Seriously, just drop it. Rapping. Can we not? I know this is a thing and it can be funny, but 90 percent of the time no one can understand what you’re actually saying. The only thing worse than listening to a muffled speech for three minutes… is listening to someone try and sing a muffled speech for three minutes.

2. Wedding Roast

Embarrassing stories are definitely a no-no. This is a TOAST, not a ROAST. This includes, but is not limited to, anything involving an ex, any story that starts with “We were so drunk…” and really just anytime the couple’s relationship wasn’t all sunshine and rainbows.

3. Hold the Sauce

Leave the “gettin’ lit” to the candles. I feel like this rule is pretty self-explanatory, and yet, seems to be a frequent issue. People get nervous about giving speeches in public and turn to their trusty friend Andre (or Jack/Jim/Jose) for support.
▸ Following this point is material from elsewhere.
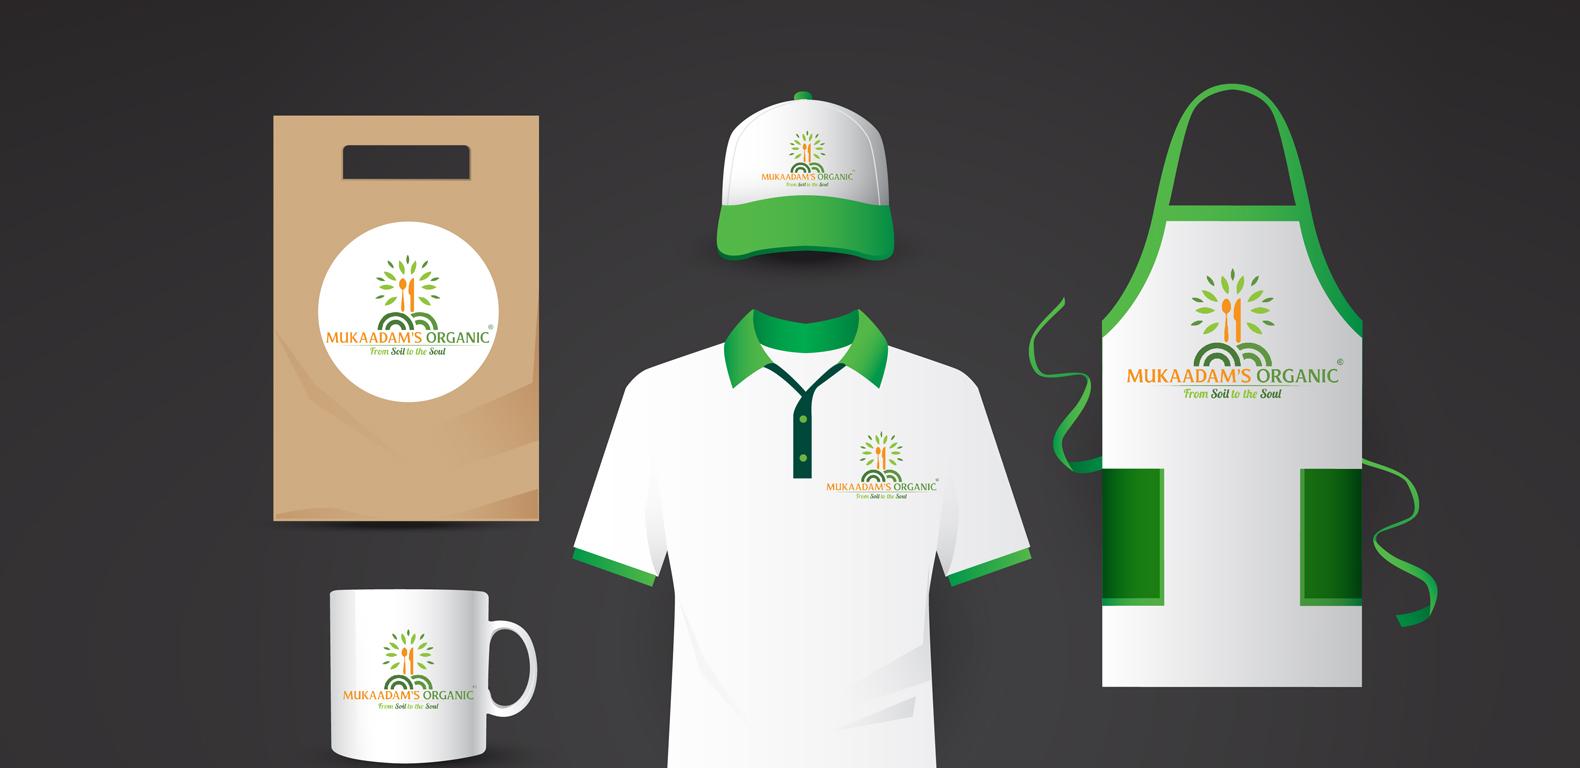 logo-design-mukaadams-organic-branded-merchandise-2

Breaking rule No. 3 is a good indication you will break numerous other rules on this list and on behalf of all brides everywhere, just wait until your speech is over to dive into the sauce.

4. Keep it Short

I find this rule being broken the most at weddings. Don’t even bother giving a speech longer than three minutes... by that point the only people still paying attention are the bride and groom – and honestly you can just text it to them later.

5. Keep it Sweet

You might think it’s in good humor... and it really might be, but this is not the time to point out your friend is “marrying up,” “good luck with the in-laws” or that “you never thought this day would actually come.” Insulting the couple (or anyone in attendance) at a wedding is not funny to anyone and will probably lead to your head being cut out of any wedding pictures hanging in their future home. This rule is often broken when rule No. 3 is not being followed. Honestly, most of these are probably broken if rule No. 3 is not being followed. FOLLOW RULE NO. 3!

6. Reading Allowed

This is really true for any speech, wedding related or not. A wedding toast should be sentimental and straight from the heart. I suggest you practice from a sheet of paper numerous times before reciting it to a large group of people, but trust yourself and shred the paper. The only exception: IF YOU DIDN’T FOLLOW RULE NO.3. If you are impaired: read, don’t improvise.

Now that I’ve taken all the fun out of giving a wedding toast, go thaw your heart of ice and tell your friends how much they mean to you (in three minutes or less).